Art studio with sculpted heads and materials on tables.
Dark stone tunnel with arched entrance

My work is rooted in the rough, remote terrain of the North Pennines - a landscape often cast as wild or empty, but long shaped by lead mining and subsistence farming. The histories that persist here are fractured, partial, and often masculine. I work against that grain.

My practice examines memory, material, and emotional residue. Through sculpture, I explore the lives of working people, especially women, who moved within the constraints
of this harsh landscape - shaping and being shaped by it. Their stories are largely unrecorded, but remain inscribed in the soil, the walls, the silence. I seek them out, not to memorialise, but to reimagine: to create forms that provoke questions about presence, erasure, and the thresholds between past and present.

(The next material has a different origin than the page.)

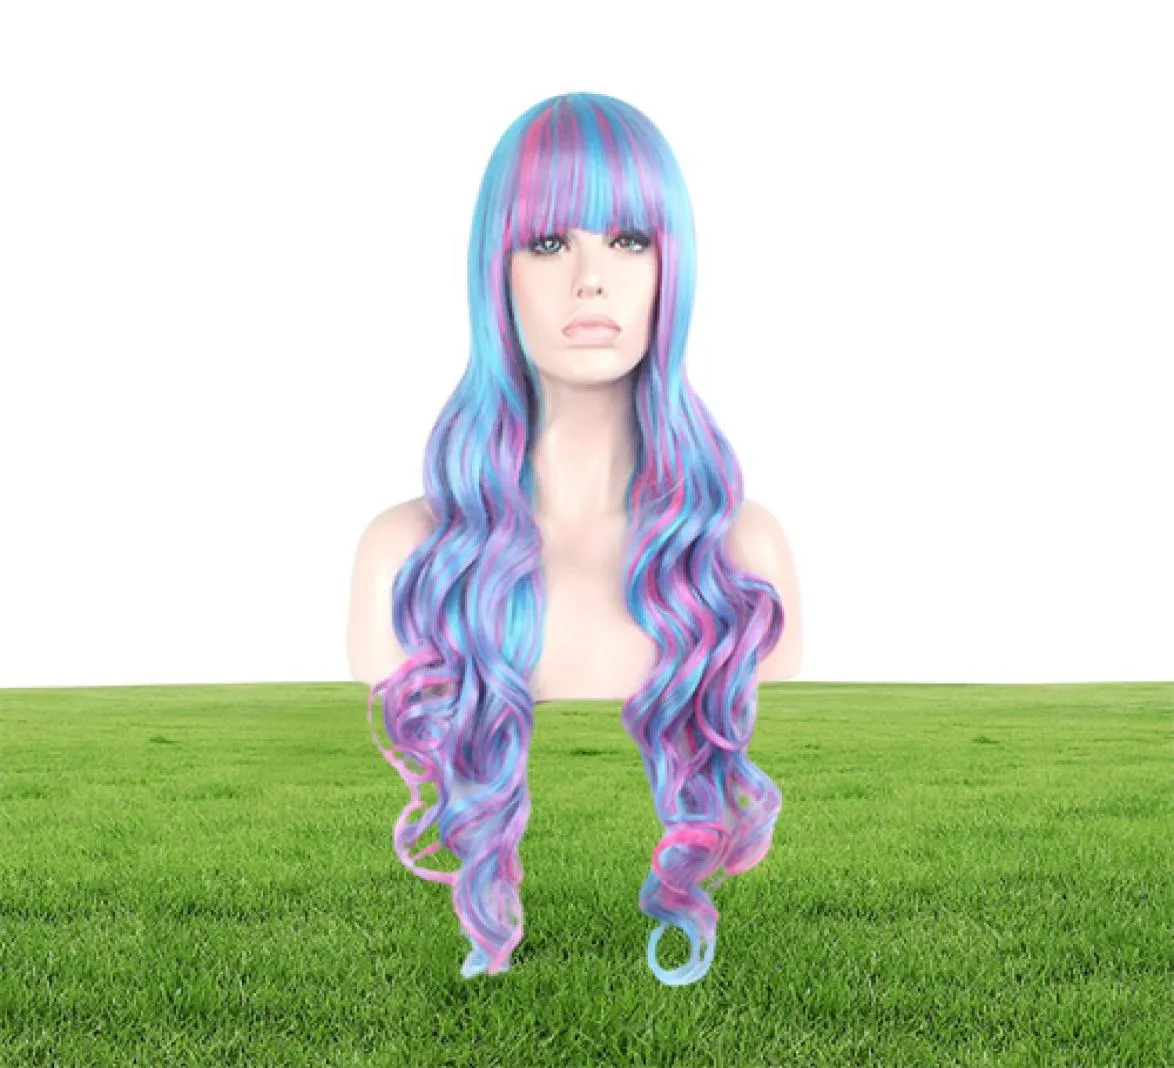 Woodfestival Long Curly Wig Ombre Syntetic Fiber Hair Wigs Blue Pink Mix Color Lolita Wig Cosplay Women Bangs 80cm2692211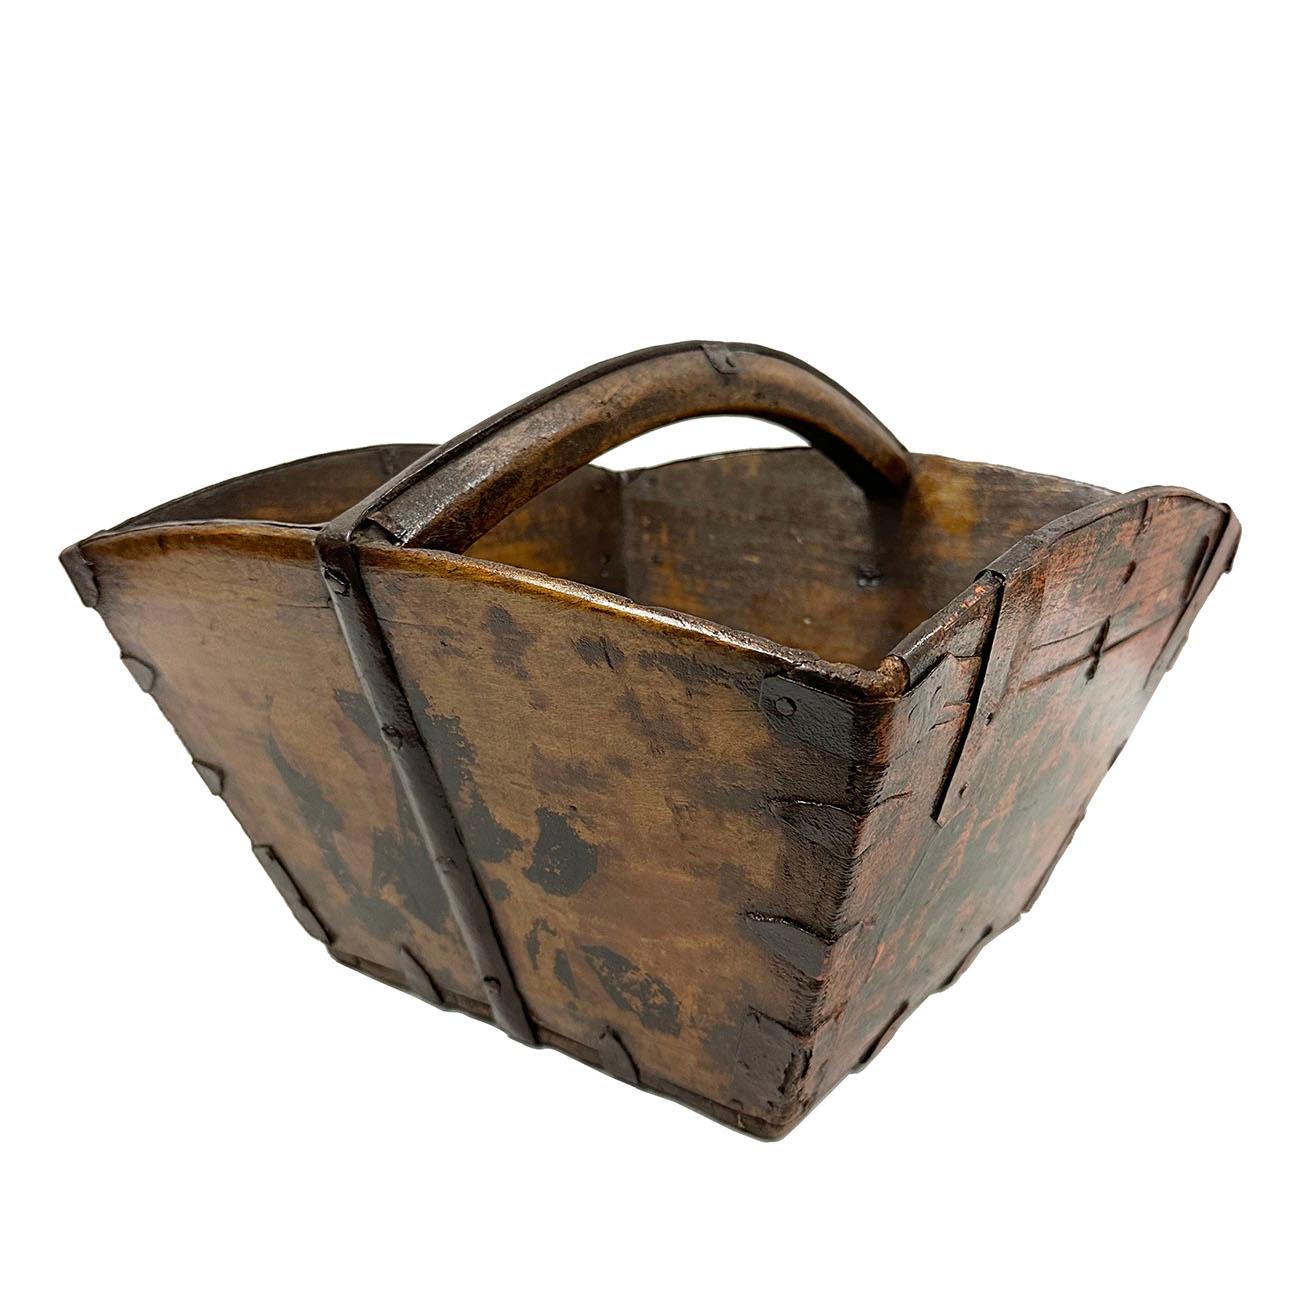 Hand-Painted 19th Century Antique Chinese Wooden Rice Measure Bucket, Dou For Sale

My figures emerge from a hybrid material - handmade pulp clay mixed with barium sulphate (a by-product of lead mining), plant cellulose, and recycled fibre. Embedded with natural and found materials, they are carved, sanded, and pigmented with earth minerals before being waxed and finished. Sometimes they contain glass eyes — not for realism, but to mark the echo of someone once fully present. They are not historical reconstructions. They are contemporary portraits of loss, persistence, and place.

I walk the fell daily, gathering soil, stories, and fragments. The work is part excavation, part offering. The Dufton Hoarde is my current project - a museum of fictional funerary sculptures unearthed from an abandoned lead mine and reassembled to form a living archive of rural lives. Informed by oral history, landscape, and myth, it brings together sculpture, sound, memory objects, and community engagement. At its heart is the question: how do we carry the weight of what came before - and who gets to decide what remains?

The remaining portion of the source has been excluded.